TORONTO, ON and GLIL YAM, ISRAEL / ACCESSWIRE / November 18, 2021 / IM Cannabis Corp. (the "Company" or "IM Cannabis") (CSE:IMCC)(NASDAQ:IMCC), a leading medical and adult-use recreational cannabis company with operations in Israel, Germany and Canada, today announced the fourth installment of shares in connection with the previously announced acquisition of the Panaxia-to-the-Home online pharmacy and trading centre with an IMC-GDP license from Panaxia Pharmaceutical Industries Israel Ltd. and Panaxia Logistics Ltd., part of the Panaxia Labs Israel, Ltd. group of companies ("Panaxia") (TASE:PNAX).

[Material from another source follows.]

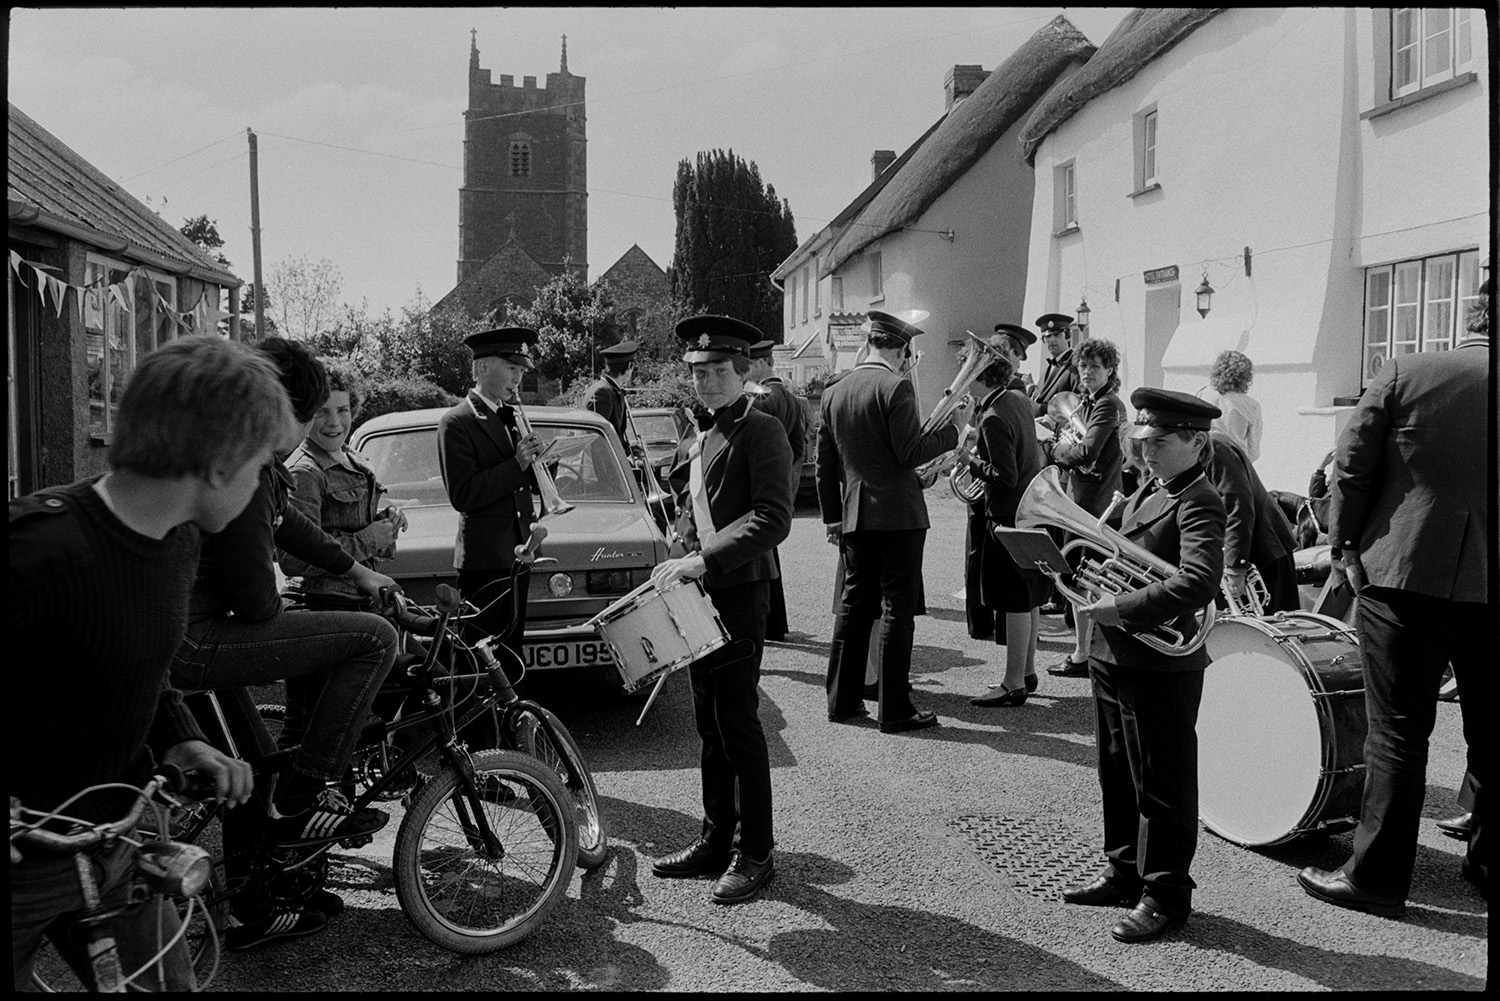 Club Day, people waiting before parade, drinking, playing cards. Boys on bicycles looking on.
[Members of the Hatherleigh Silver Band and boys on bicycles gathered outside the Duke of York Inn on Iddesleigh Club Day, before the Club Day parade. A Hillman Hunter car is parked in the street and Iddesleigh Church can be seen in the background.]

As first announced on April 30, 2021, the Company's wholly owned Israeli subsidiary, IMC Holdings Ltd. ("IMC Holdings"), signed a definitive agreement with Panaxia, pursuant to which IMC Holdings will acquire Panaxia's trading house license and in-house pharmacy activities, for an aggregate purchase price of $7.2 million (the "Transaction"). The Panaxia Transaction purchase price was to be satisfied by a combination of $2.9 million in cash (the "Cash Consideration") and $4.3 million in common shares of the Company ("Consideration Shares"). The Cash Consideration was paid in two instalments according to the terms of the Transaction.

To satisfy the share consideration component of the Panaxia Transaction, the Company will issue a total of five installments of Consideration Shares. Following the announcements regarding the first, second and third installments on August 9, 2021, September 8, 2021 and October 20, respectively, on November 16 2021, the Company issued the fourth installment of 298,529 Consideration Shares in connection with the Transaction at a price of US$3.089 per Consideration Share, representing an aggregate value equal to US$922,156.08. The issue price of the Consideration Shares was calculated based on the average closing price of the common shares of the Company on the Nasdaq Capital Market over the 10-trading day period immediately preceding November 1, 2021. The fifth and final instalment of Consideration Shares will be issuable in connection with the second closing of the Panaxia Transaction, to occur upon receipt of approval from the Israeli Ministry of Health.

About IM Cannabis

IM Cannabis (NASDAQ:IMCC)(CSE:IMCC) is a leading international cannabis company providing premium products to medical patients and adult-use recreational consumers. IM Cannabis is one of the very few companies with operations in Israel, Germany and Canada, the three largest federally legal markets. The ecosystem created through its international operations leverages the Company's unique data-driven perspective and product supply chain globally. With its commitment to responsible growth and financial prudence and ability to operate within the strictest regulatory environments, the Company has quickly become one of the leading cultivators and distributors of high-quality cannabis globally.

The IM Cannabis ecosystem operates in Israel through its commercial relationship with Focus Medical Herbs Ltd. ("Focus Medical"), where it cultivates, imports and distributes cannabis to medical patients, leveraging years of proprietary data and patient insights. The Company also operates medical cannabis retail pharmacies, online platforms, distribution centres and logistical hubs in Israel that enable the safe delivery and quality control of IM Cannabis products throughout the entire value chain. In Germany, the IM Cannabis ecosystem operates through Adjupharm GmbH ("Adjupharm"), where it also distributes cannabis to medical patients. In Canada, the Company operates through Trichome JWC Acquisition Corp. d/b/a JWC and MYM Nutraceuticals Inc., where it cultivates and processes cannabis for the adult-use market at its Ontario and Nova Scotia facilities under the WAGNERS and Highland Grow brands.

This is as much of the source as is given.